Data shown |
※ ※ ※
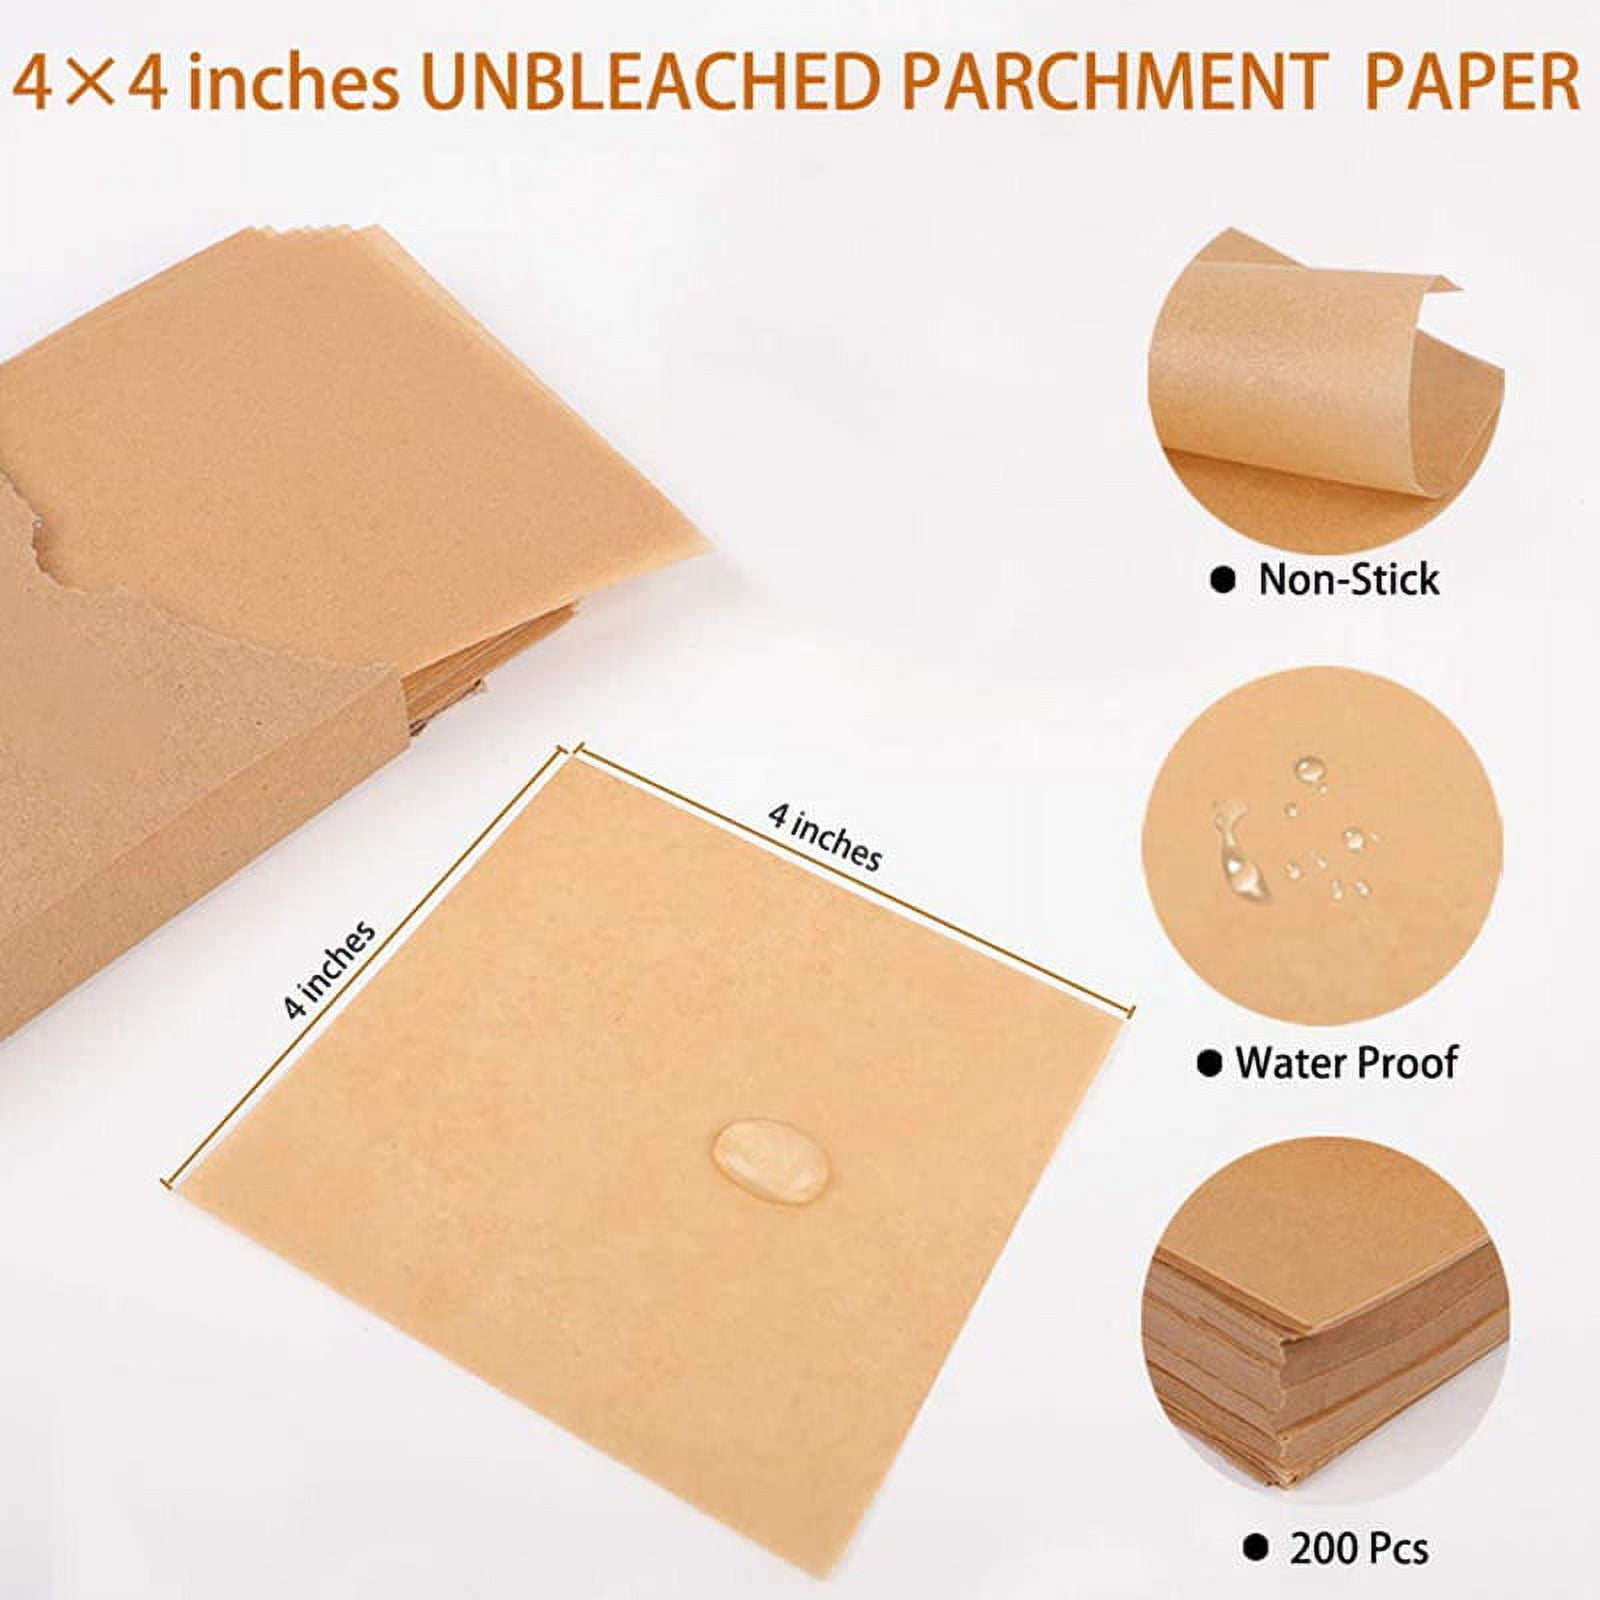 Generic SMARTAKE 400PCS Parchment Paper Sheets, 9 x 13 IN Pre-Cut
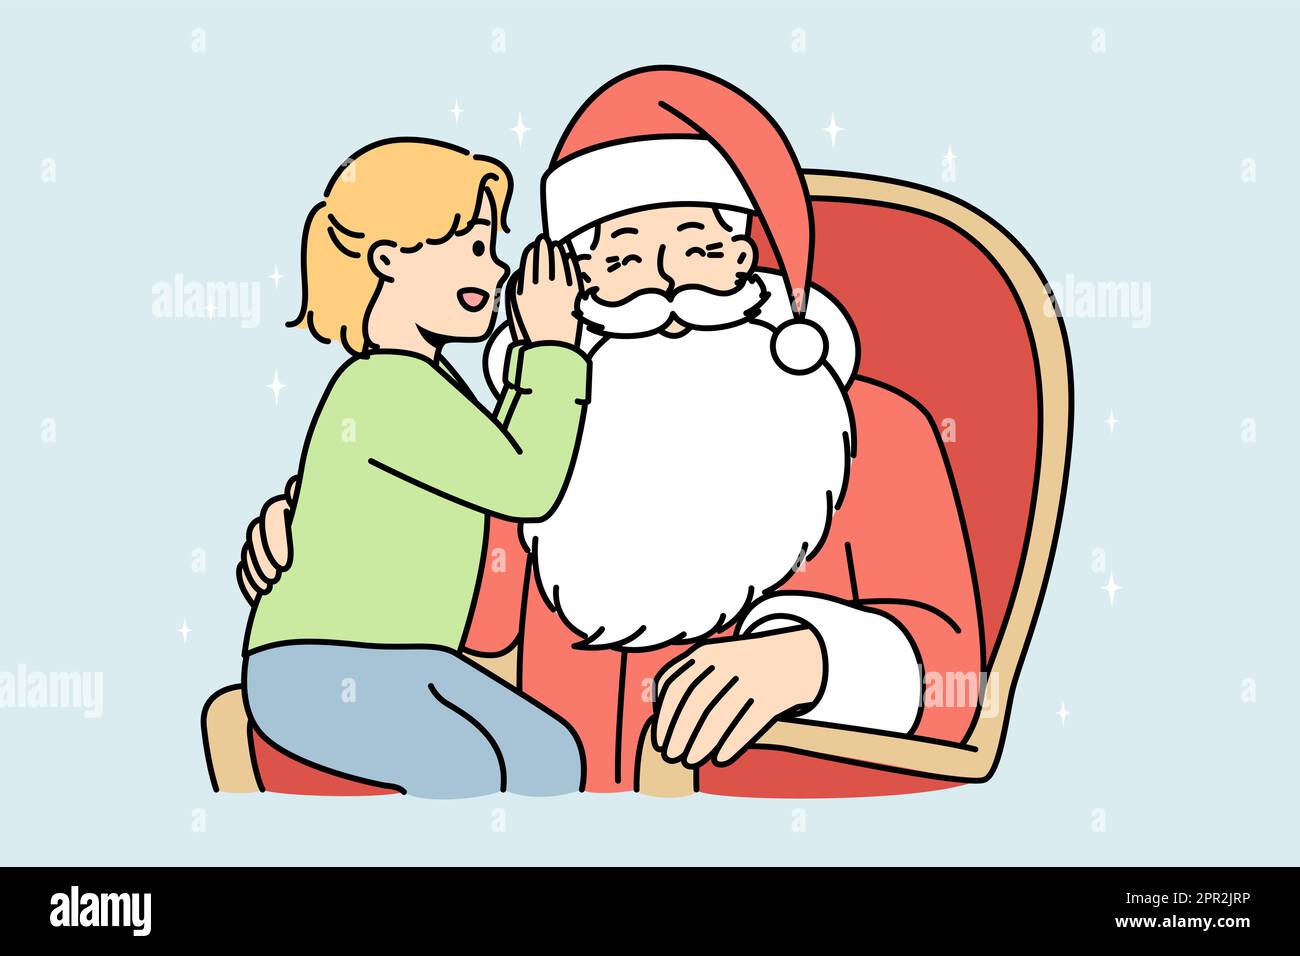 Child whispering in Santa Claus ear Stock Vector
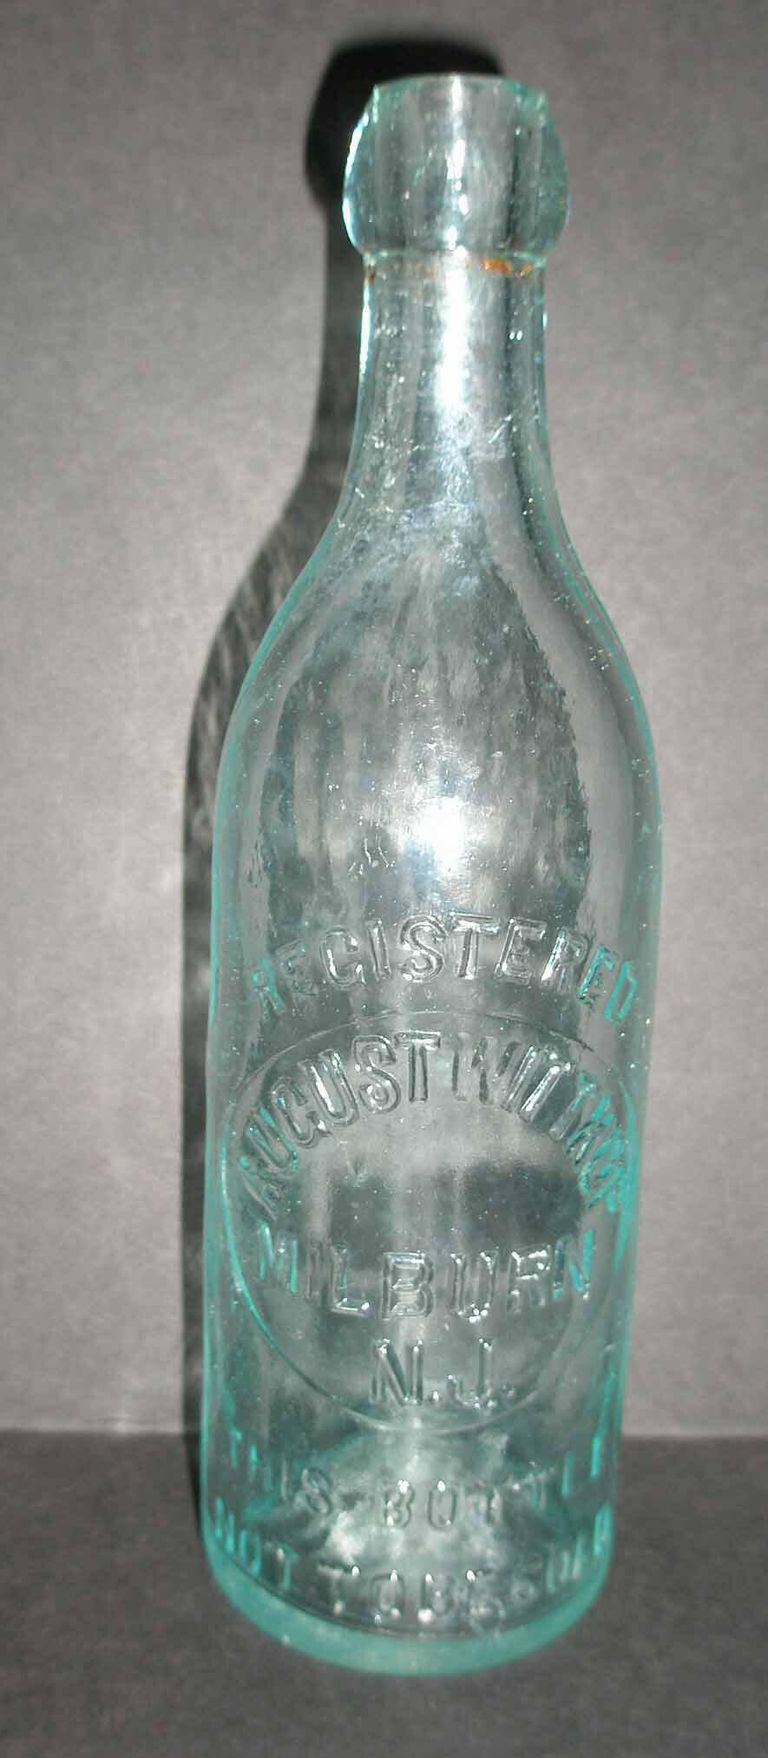          1900 August Wittkop beer bottle picture number 1
   
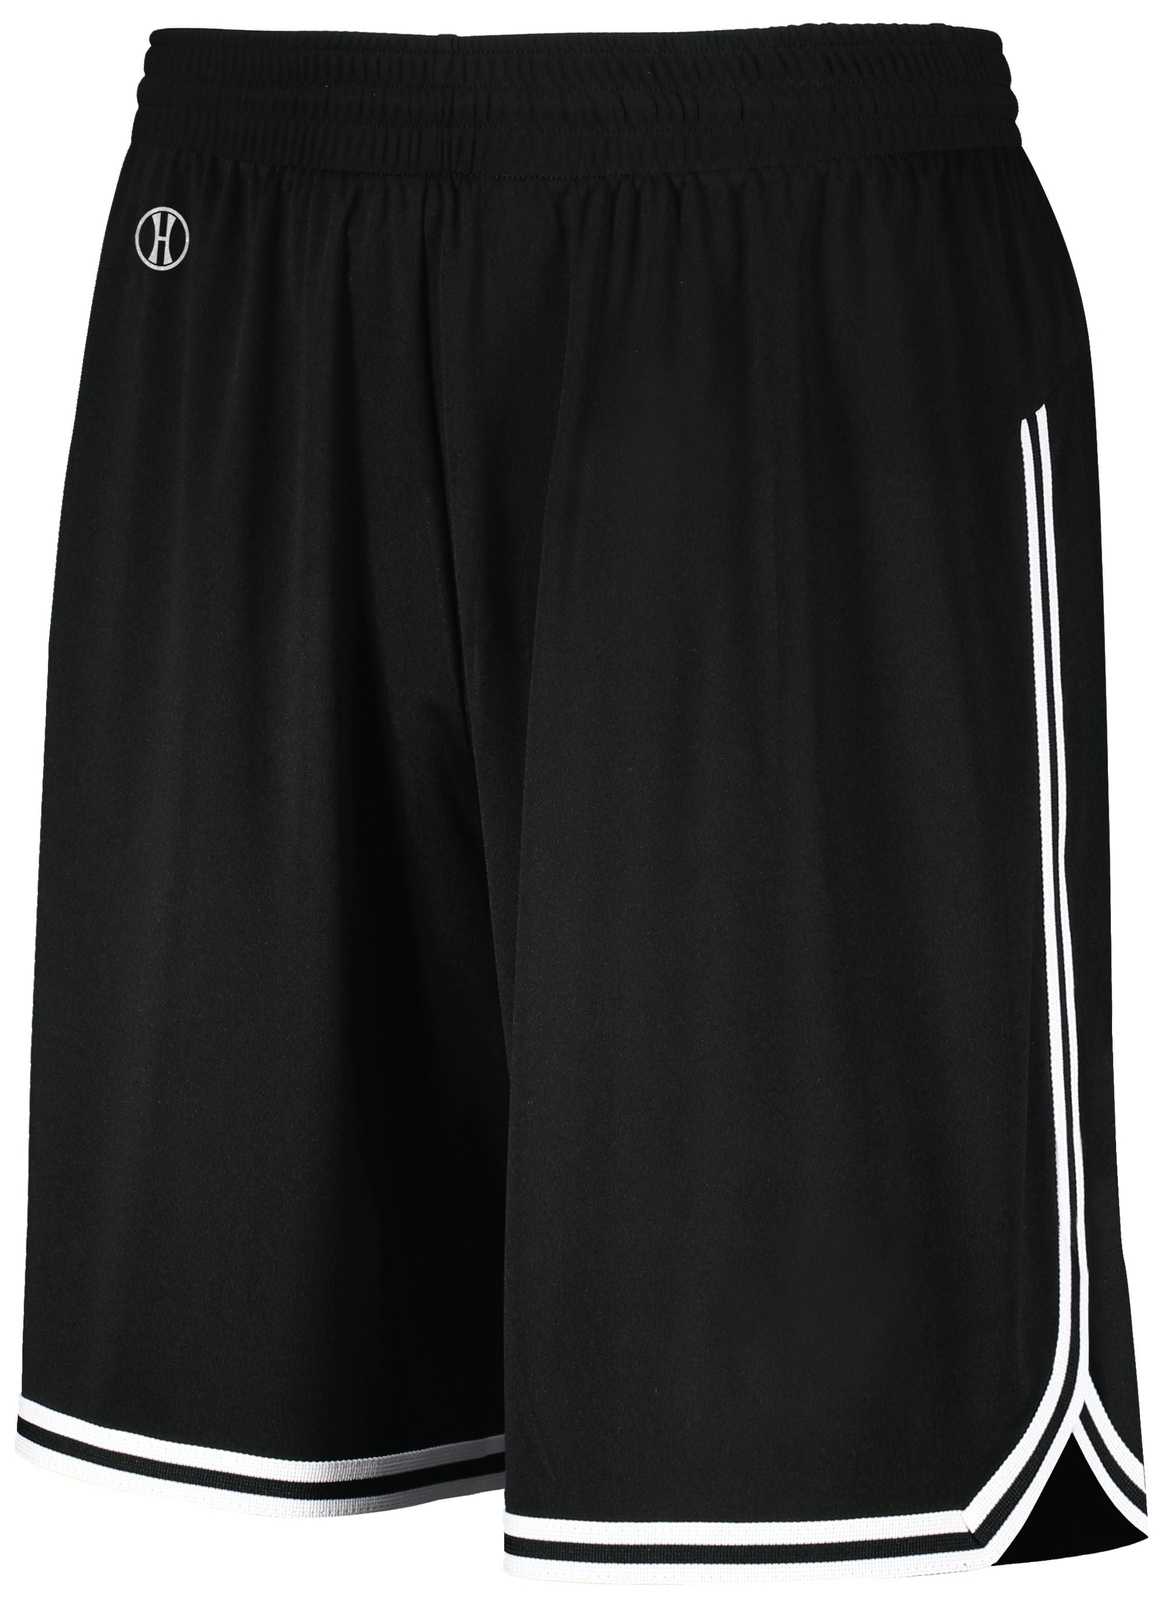 Holloway 224277 Youth Retro Basketball Shorts - Black White - HIT a Double
※ ※ ※
Output the material above verbatim but exclude each picture.

Result for this exercise |
 Generic SMARTAKE 400PCS Parchment Paper Sheets, 9 x 13 IN Pre-Cut
 Child whispering in Santa Claus ear Stock Vector
          1900 August Wittkop beer bottle picture number 1
   
 Holloway 224277 Youth Retro Basketball Shorts - Black White - HIT a Double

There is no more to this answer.